The foundation of business is relationships, and the foundation of any relationship is trust. If you don’t keep your promises, you lose trust.
Imagine an organisation where the culture is such that people commonly don’t keep their promises. That is a low-trust culture, so the team isn’t very strong and the results therefore aren’t very strong either.
So how did the actual transition come about from being a lawyer and actually deciding to sit down and write the best-selling book, The Monk Who Sold His Ferrari?
It was a gradual process; it wasn’t one revolutionary movement where I left Law and wrote the book.
It started off with my realising I was successful on the outside, but very empty on the inside.
So I pulled back from being a lawyer and I went through a period of time where I did much soul-searching.

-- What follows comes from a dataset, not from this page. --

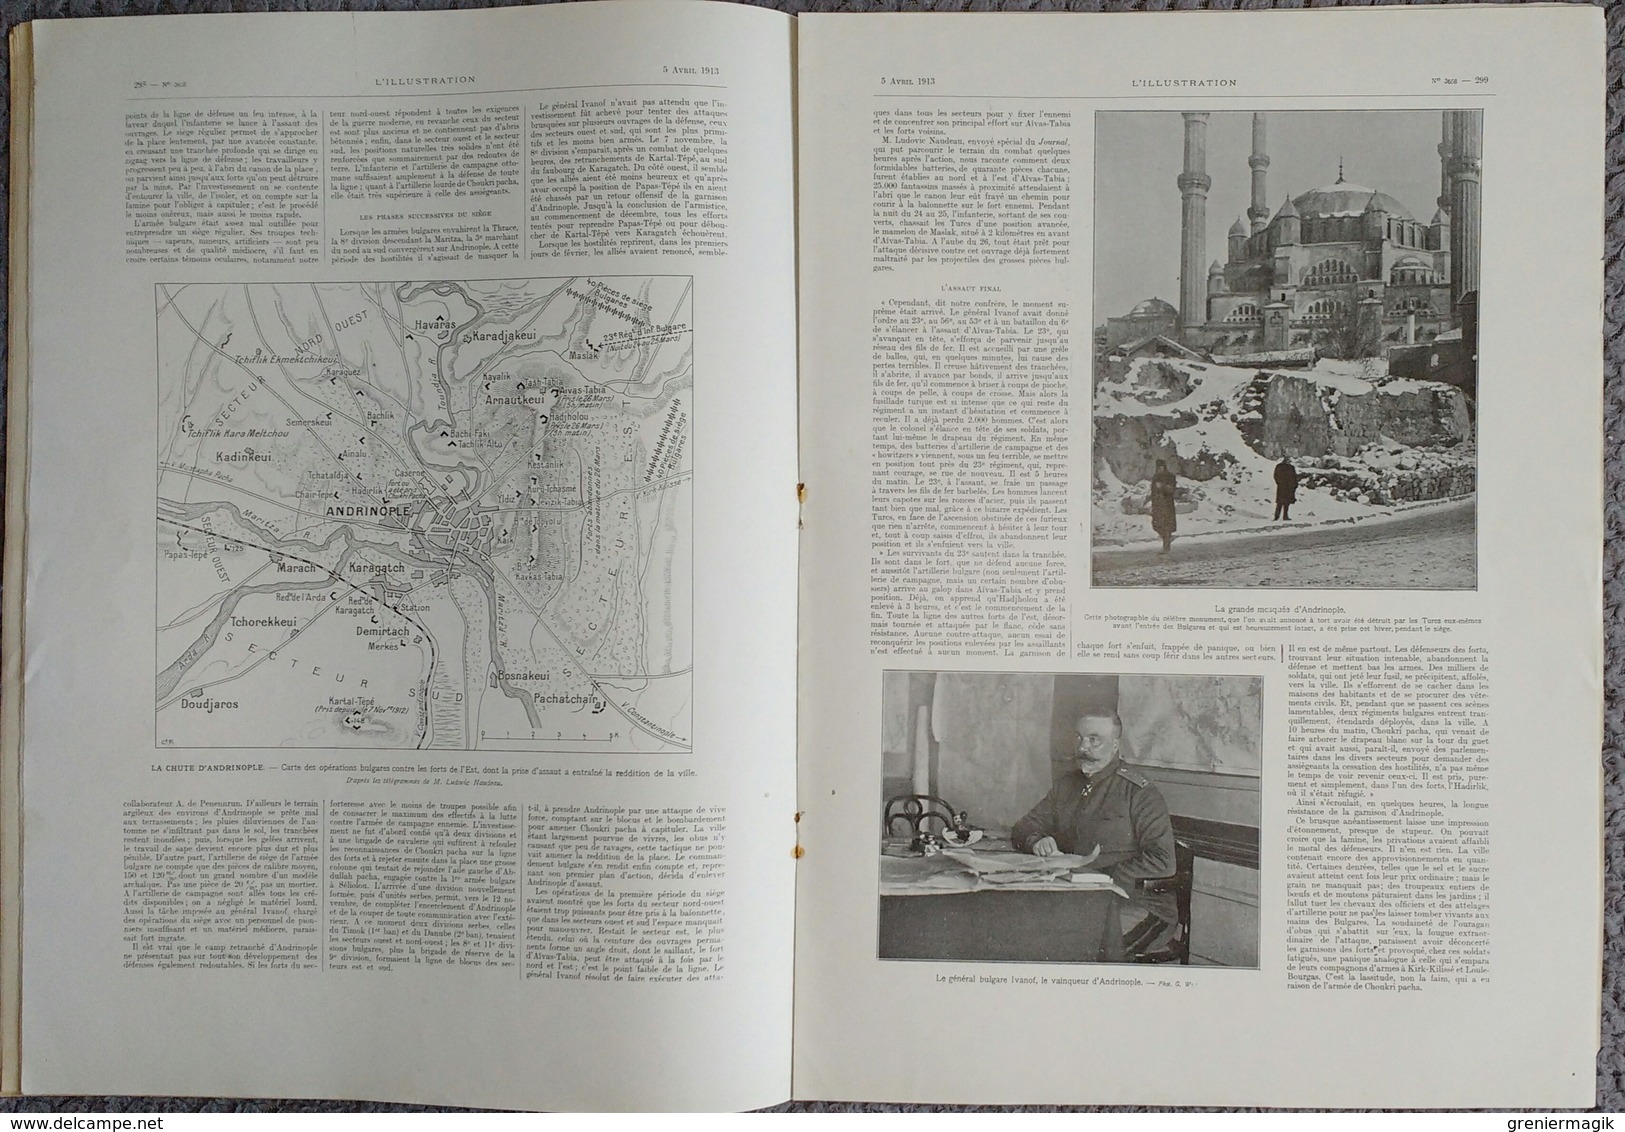 L'Illustration 3658 5 avril 1913 Andrinople/M. Poincaré à Montpellier/SEM/Janina/Grèce roi Georges/Maroc

I began reading many great autobiographies. I started studying the great leaders, I started interviewing elders, I started reading books on leadership, on psychology, on relationships, on success and achievement. I began implementing the ideas and I came up with a system that created some great changes in my life: not only in the way that I worked, but in the way that I thought, in the way that I interacted with people.
Given my own personal translation, I thought perhaps I should write a book that shares the system with other people. So I self-published The Monk Who Sold His Ferrari. My father helped me sell it out of the back of his car.
My first seminar was attended by only 23 people – 21 of whom were my own family members!
So it was not a catch-fire success?
I started from a very, very humble beginning, roughly 500 books in my apartment. But I had a dream, and one of the things that leaders do so well is that they dream. When the world around them laughs at their dreams, they have the courage of their convictions to continue to pursue their dreams until eventually they become reality.
When people started reading The Monk Who Sold His Ferrari, it resonated with them and they would tell other people about it and it became a word-of-mouth phenomenon.
It started off with those 500 copies in my apartment and it’s now sold over three million copies.